Lost on Planet China - J. Maarten Troost [74]
Outside, the temple was surrounded by branching alleyways where young monks leapt among the puddles in front of shops selling joss sticks, golden Buddhas, chicken carcasses, slabs of meat, eels, starfish, mussels, clams, shark fins, and seafood of a kind completely unrecognizable to me, though no doubt I would find it in my evening meal. Pelted by cold, wet drops, I walked on to the One Hundred Step Beach, which is nine hundred steps smaller than the One Thousand Step Beach a short distance farther on. My umbrella whipped inside out and then collapsed in the gale, and as I watched the foaming sea I began to wonder how exactly I was going to get off the island after dinner. I had planned on taking an overnight boat to Shanghai, but this now struck me as an unsensible mode of transport.
I found refuge from the weather inside a small restaurant with a leaky roof overlooking the beach. What I really wanted was coffee and perhaps a slice of pumpkin bread. Instead I had seaweed tea, and ordered a boiled egg with slices of tomato and cucumber, and received instead a plate of scrambled eggs mixed with diced tomatoes. Perhaps the waiter thought I was Australian. That’s what Australians do, mix eggs and tomatoes with everything—an unholy combination, in my opinion.
The wind roared and the rain gave no indication of lessening, and so I decided that today I would just be wet. I made my way past streetlamps decorated with swastikas, a sight that always succeeds in startling me. But, in fact, in Buddhism it is a symbol for love and mercy, and to this day it strikes me as particularly twisted that the Nazis chose to appropriate this ancient image of peace and love. I made my way to the Western Paradise trail and climbed the stairs to a rock that was carved with calligraphy. Etched in stone was the character for love, and visitors had left thousands of padlocks linked to a low fence that lay before it, testimonies of someone’s devotion to another. At this point, I realized that I could go no farther—water was now rushing down the stairs and soon they would be all be but impassable. The wind had picked up further, sending twigs fluttering across the steps and against my rainwear, and I decided that the yin and yang of wandering around in a maelstrom compared to being dry and warm tilted to the latter. I returned to the hotel to inquire about boats traveling back to the mainland.

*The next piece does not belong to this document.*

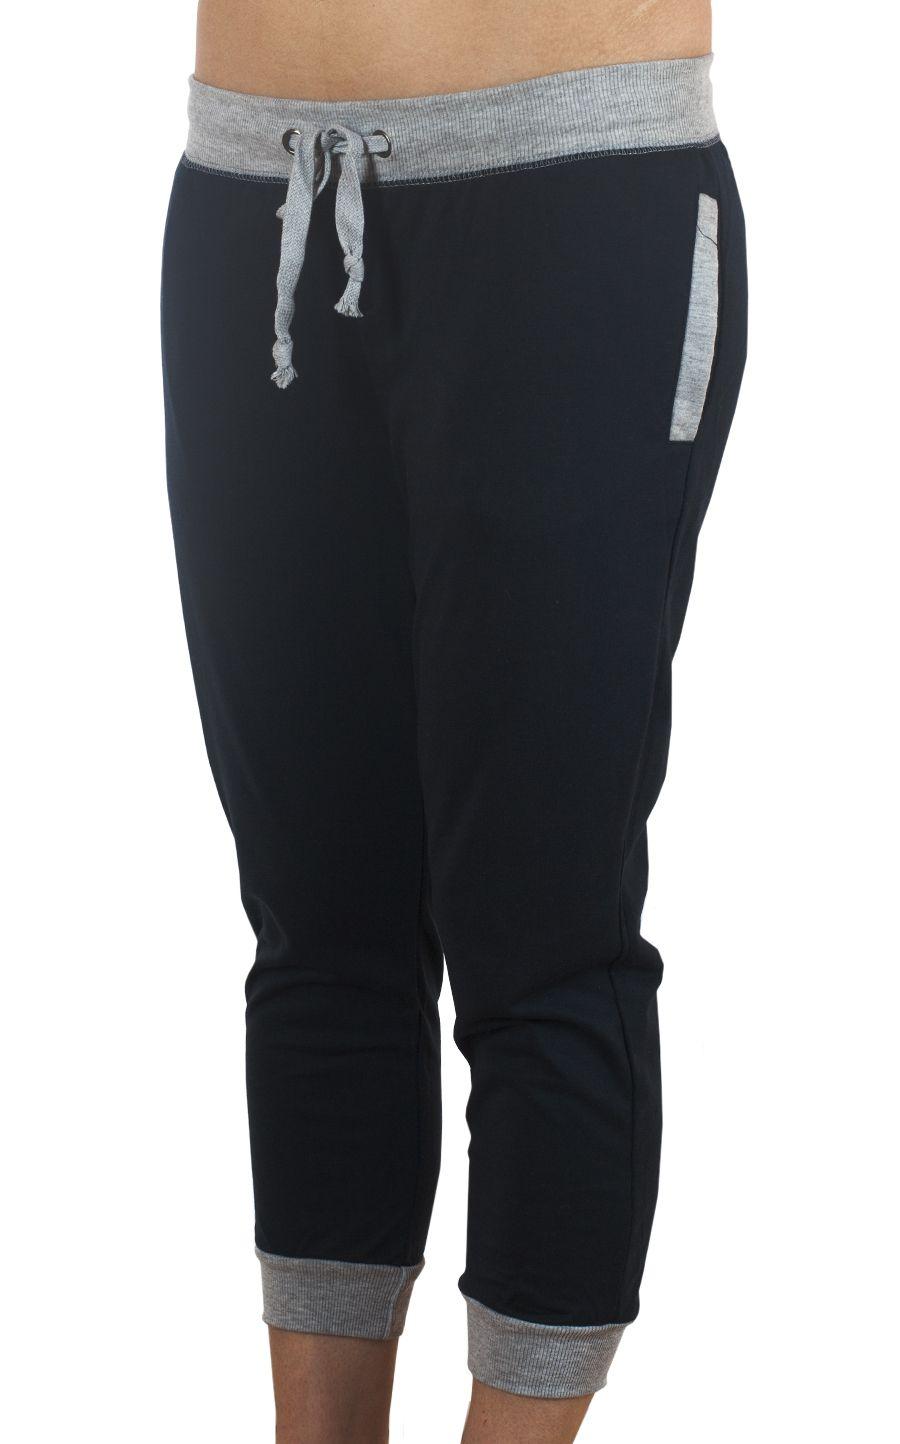 Американские брюки капри Coco Limon для фитнес-тренинга - вид спереди

“No boats,” I was told. “Typhoon.”
There are typhoons and there are super typhoons. Typhoon Chancu was only the second super typhoon to ever be recorded in the South China Sea. And somehow, I had managed to place myself on an island while it struck. Clearly, I really needed to learn how to read a Chinese newspaper. This was inconvenient, a small problem, as I had to be in Hong Kong shortly to meet a friend. But instead of leisurely making my way south through Zhejiang, Fujian, and Guangdong Provinces, I found myself marooned on an island while thunderous waves broke on its shore and gale-force winds buffeted the trees.
But this was my fault too. China is a big country, and you don’t quite realize how big it is until you start plotting the time and logistics it takes to get oneself from here to there. Nothing is straightforward in China; there are always complications. And it is enormous, this country of 1.3 billion people.